Story
Hi, I’m Ruth Gledhill and I am doing Swim Serpentine in September, a two-mile swim in the Serpentine in Hyde Park. I am fundraising for HCPT Group 170.
Group 170 is a branch of the national charity, Hosanna House and Children’s Pilgrimage Trust, that takes sick, disabled and disadvantaged children on free pilgrimage holidays to Lourdes at Easter. Group 170 was started in 2008 and since then has taken more than 100 local children on the pilgrimage holiday of a lifetime.
Pilgrims travel out as a group of around 25-30, that includes six to eight sponsored children, and enjoy a week filled with faith, fun and friendship. They fly to the south of France, stay in a hotel sharing meals together, and take part in processions, services, visit the places where St Bernadette grew up, as well as enjoying parties, games and zoo visits.
HCPT’s tagline is “Life Changing Pilgrimage Holidays” and it is profoundly inspiring to see how this charity can change lives, of both helpers and children. A few years ago, Group 170 took a child who was entirely tube fed, and on the plane journey out he decided that he liked the look of the airline breakfast. He proceeded to eat everything that was offered that week, much to the amazement of his parents.
A few years later another child dropped out at short notice due to illness and Ed was offered a second trip with group 170. He was given his own group water bottle he started drinking orally too. He has since has his gastrostomy tube removed and now eats and drinks everything by mouth.
The groups has had feedback from parents that their child has grown in confidence and independence, that they have increased their self esteem. Lourdes with HCPT is a safe and friendly environment in which children can learn more about themselves, and that they are loved for being exactly who they are.
For helpers it is a truly affirming and spiritual experience. Seeing how the love and care the helpers give these children enables them to grow and develop is tremendously rewarding. It is also very humbling to appreciate how hard life must be for them and their families, meeting their complex needs day in, day out, with very minimal respite.
It costs £1075 for each child to travel at Easter 2024, as well as additional funds for travel to the airport, entry to the zoo, cafe visits, games and craft activities. The helpers are each responsible for paying their own fare of £905, and many of them are students or on low incomes.
I am swimming Swim Serpentine in September to ask for your support for this life-changing, inspirational group of people.
My own journey is very different of course to the pilgrimage these children and their helpers and carers take. Swim Serpentine is part of London Marathon Events.
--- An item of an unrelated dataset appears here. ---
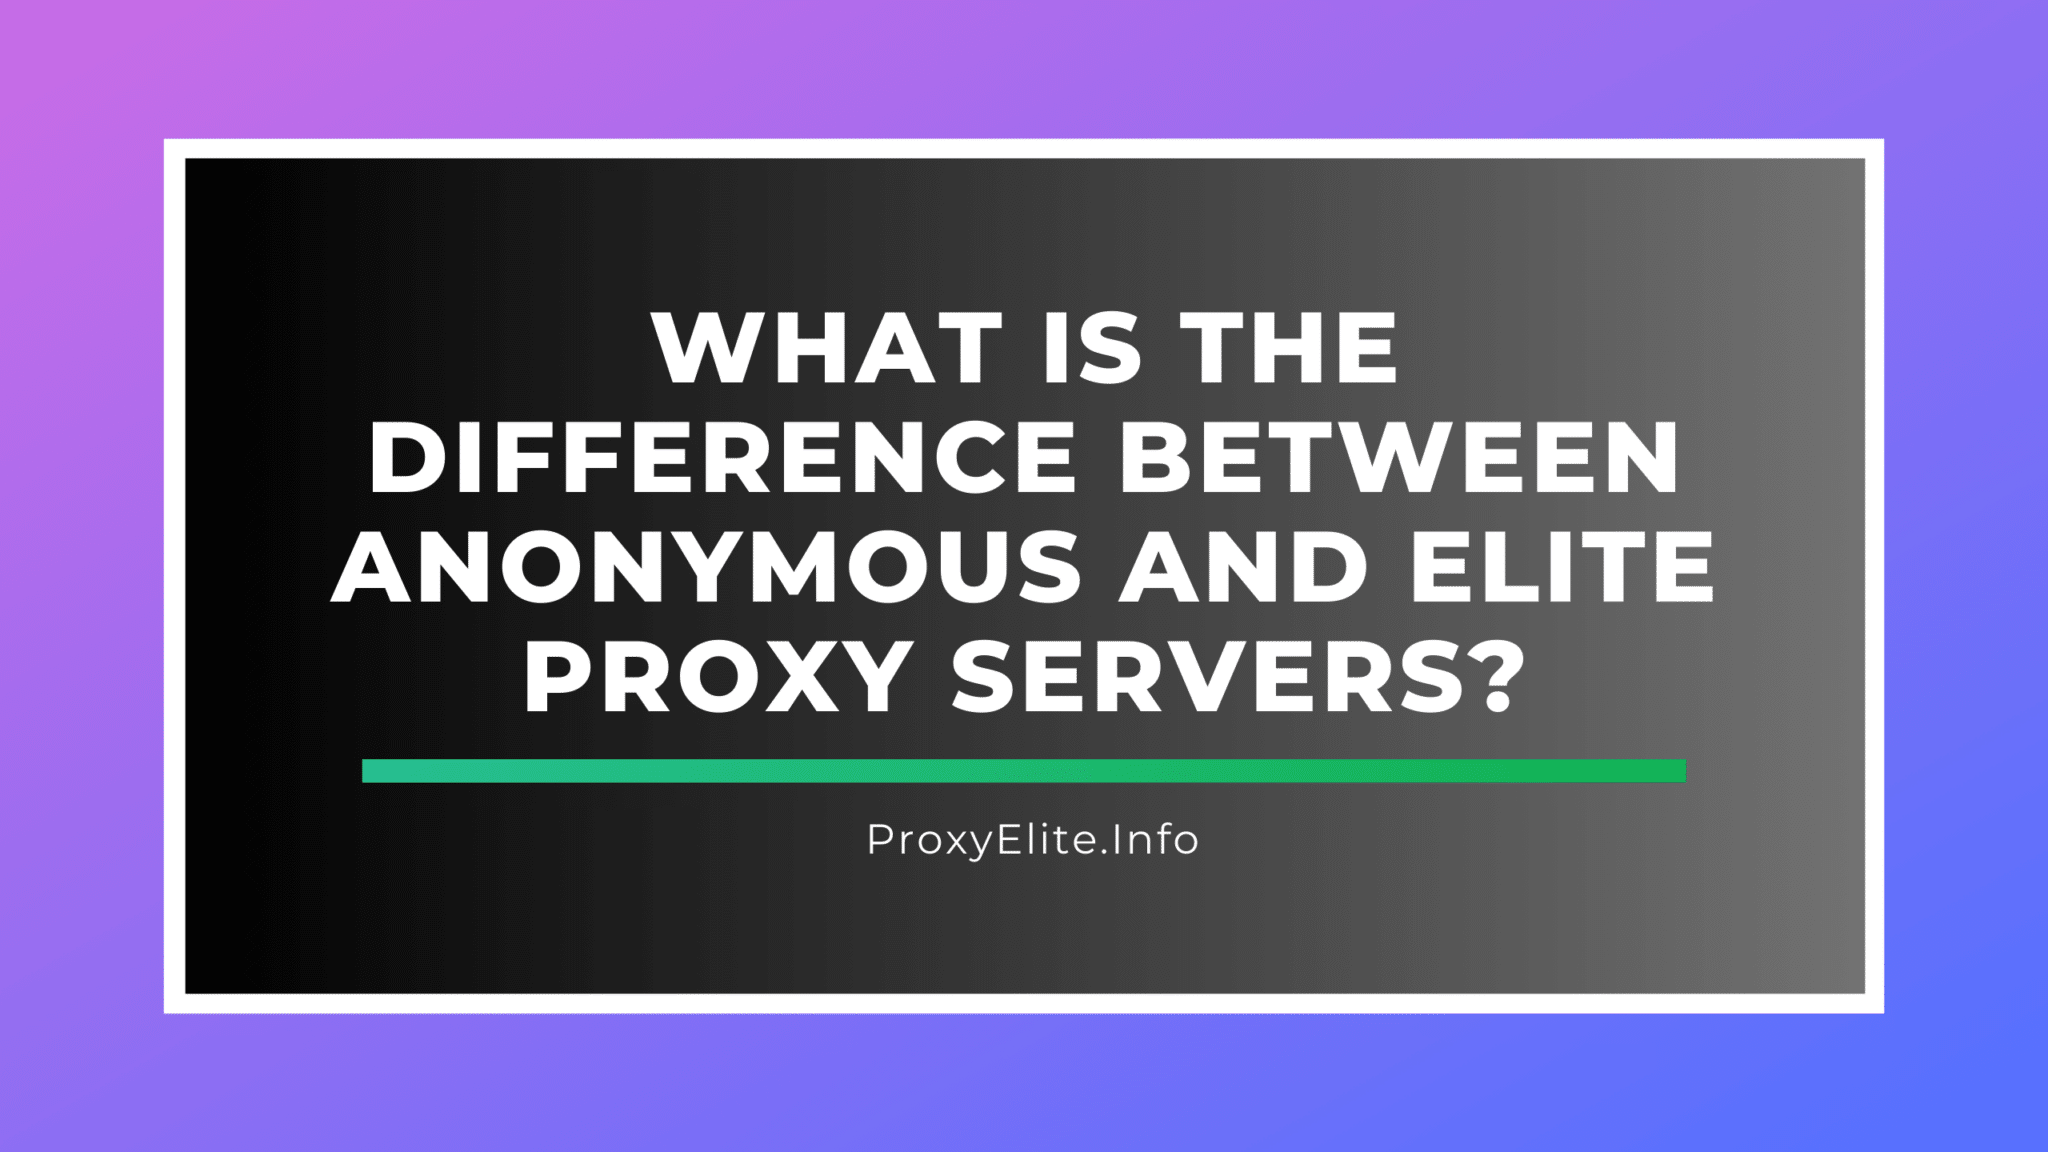 Qual é a diferença entre servidores proxy anônimos e elite?

As a fairly keen runner in my 20s, I ran the London Marathon in 1987 in a time of 3:48. I “bonked” on the Mall, and tottered the last bit, barely able to stand up. Things were very different then, and there was much laughter from spectators as I staggered my way to the finish. The next day, one of my knees gave out and I gave up running, convinced that was it, for ever. But just before the pandemic, I narrowly survived a critical illness that was exacerbated by subsequent decades of an enjoyably sedentary lifestyle. Recovering slowly from this I was persuaded by friends into parkrun, then longer runs, then cycling – and then swimming. I did Ride London a couple of years ago. This Swim Serpentine will qualify me for the London Classics medal. That is my personal growth goal. There is another aspect of growth for me as well. All my life I have been terrified of outdoor swimnming. I was taught to swim by being thrown bodily as a young child into an outdoor swimming pool in the remnants of an abandoned hotel in Jamaica which had burned down when the tree that grew in the middle of it caught fire (or that was the story we were told at least). Nightmares of drowning and dying by fire plagued me for years afterwards. But outdoor swimming is a must for triathlon, so I have had to confront these terrors. To do a really deep dive, as it were.
Finally, the third and perhaps most important aspect, helping others. The London Marathon alone has raised more than £1.3 billion for charity since its inception in 1981. HCPT is itself looking for fundraisers to run next year’s marathon.
It is satisfying for me to be able to conquer fears and push an ageing body beyond anything imagined even of a much, much younger one.
But it is even more so, to do this and at the same time help these children who so need and benefit from the support of HCPT. This charity aligns with my work for The Tablet, the International Catholic weekly. I had intended to go on this year’s pilgrimage with the group to Lourdes, in order to write a feature about them, but had to turn back as we were boarding the plane, because it was the very same day that Pope Francis died and I was needed in the office.
All money raised will go towards the children’s fares and other directly related expenses.